6.7 Governing Law; Venue; Waiver of Jury Trial. All questions concerning
the construction, validity, enforcement and interpretation of this Agreement shall be governed by
and construed and enforced in accordance with the internal laws of the State of New York (except
for matters governed by corporate law in the State of Delaware), without regard to the principles
of conflicts of law thereof. Each party agrees that all legal Proceedings concerning the
interpretations, enforcement and defense of the transactions contemplated by this agreement
(whether brought against a party hereto or its respective affiliates, directors, officers,
stockholders, employees or agents) shall be commenced exclusively in the state and federal courts
sitting in the City of New York, Borough of Manhattan. Each party hereto hereby irrevocably
submits to the exclusive jurisdiction of the state and federal courts sitting in the City of New
York, Borough of Manhattan for the adjudication of any dispute hereunder or in connection herewith
or with any transaction contemplated hereby or discussed herein (including with respect to the
enforcement of this Agreement). Each party hereto hereby irrevocably waives personal service of
process and consents to process being served in any such Proceeding by mailing a copy thereof via
registered or certified mail or overnight delivery (with evidence of delivery) to such party at the
address in effect for notices to it under this Agreement and agrees that such service shall
constitute good and sufficient service of process and notice thereof. Nothing contained herein
shall be deemed to limit in any way any right to serve process in any manner permitted by law.
EACH PARTY HEREBY IRREVOCABLY WAIVES ANY RIGHT IT MAY HAVE TO, AND AGREES NOT TO REQUEST, A JURY
TRIAL FOR THE ADJUDICATION OF ANY DISPUTE HEREUNDER OR IN CONNECTION WITH OR ARISING OUT OF THIS
AGREEMENT OR ANY TRANSACTION CONTEMPLATED HEREBY.

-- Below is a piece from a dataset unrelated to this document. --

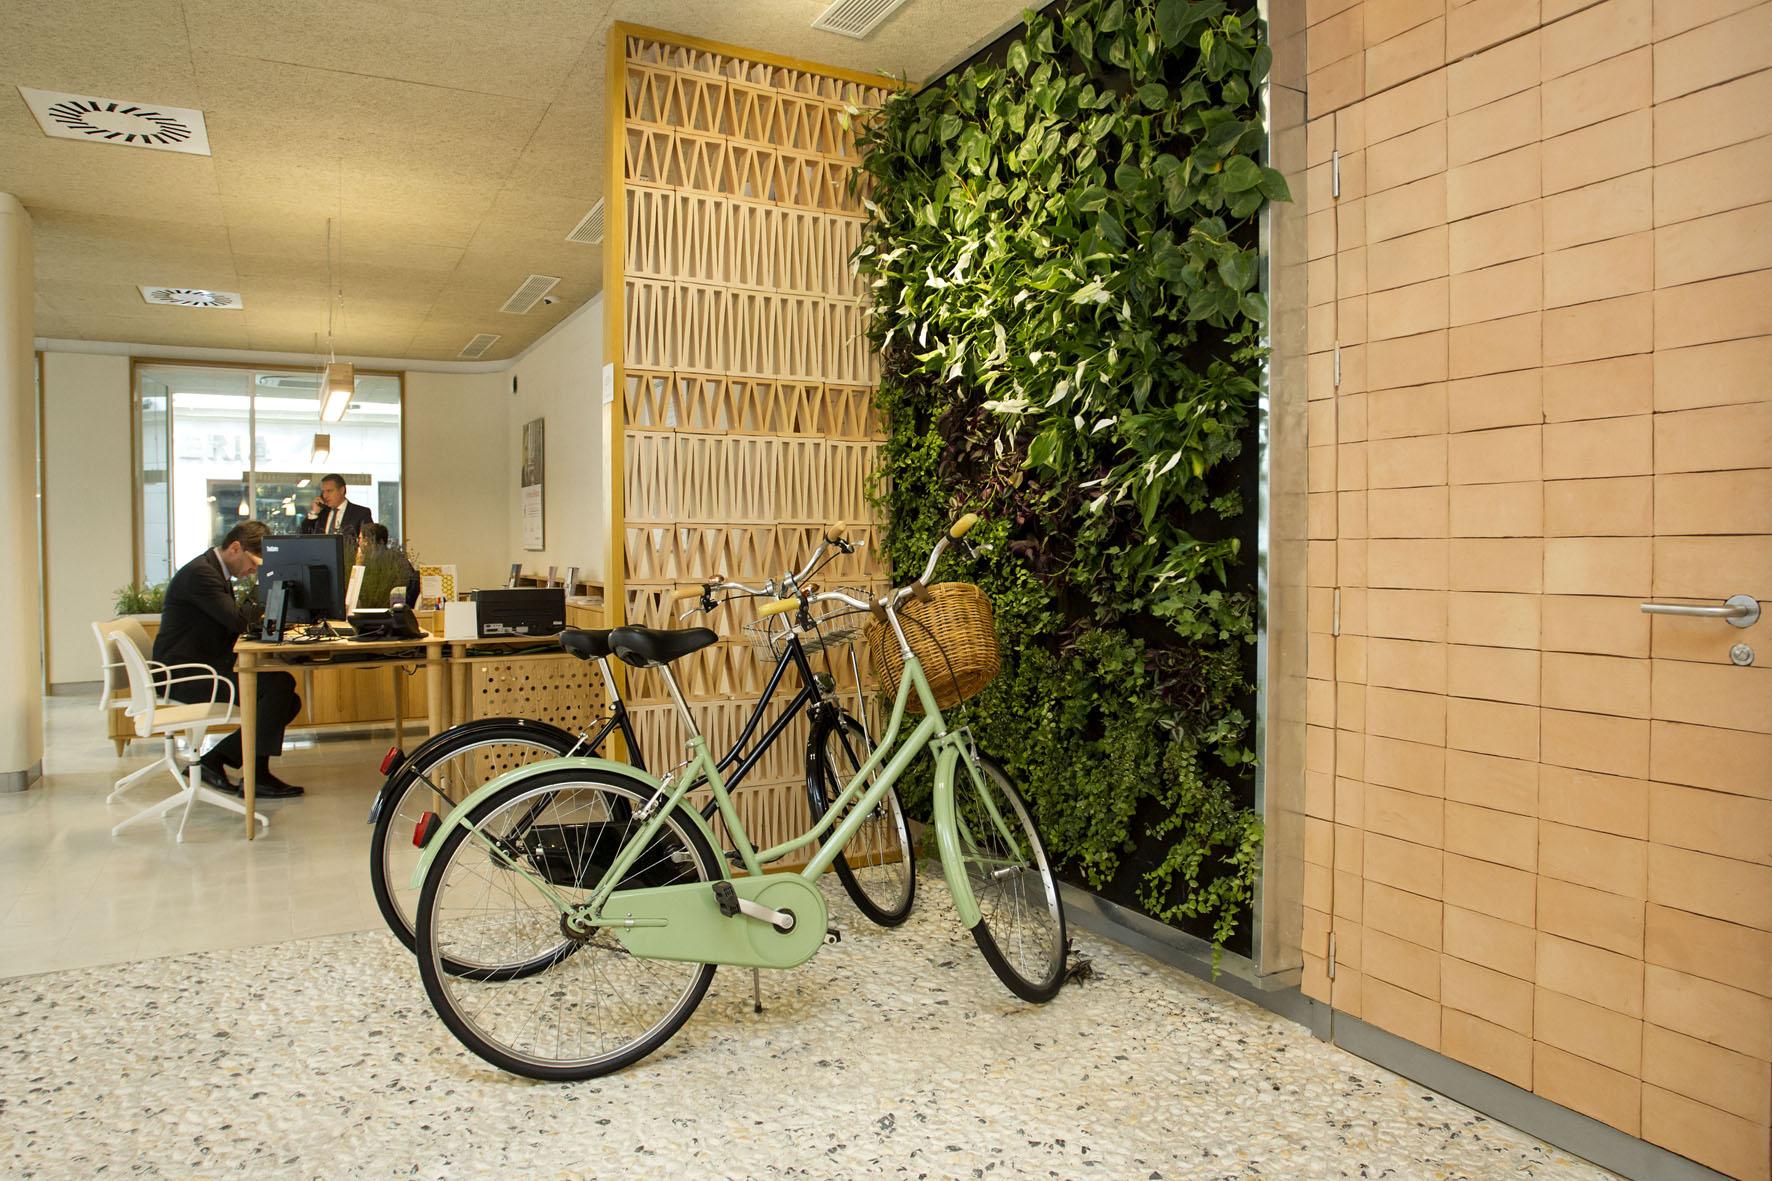 Málaga (España) nueva oficina de Triodos Bank en Málaga (Calle Córdoba nº9).Triodos Bank Malaga diseño ecoeficiente . Premio Nacional Green Solutions  Awards 2017 . Construction21 International

6.8 Survival. The representations, warranties, agreements and covenants
contained herein shall survive the Closing and the delivery and/or exercise of the Securities, as
applicable.

6.9 Execution. This Agreement may be executed in two or more counterparts,
all of which when taken together shall be considered one and the same agreement and shall become
effective when counterparts have been signed by each party and delivered to the other party, it
being understood that both parties need not sign the same counterpart. In the event that any
signature is delivered by facsimile transmission or by an e-mail which contains a portable document
format (.pdf) filed of an executed signature page, such signature page shall create a valid and
binding obligation of the party executing (or on whose behalf such signature is executed) the same
with the same force and effect as if such signature page were an original thereof.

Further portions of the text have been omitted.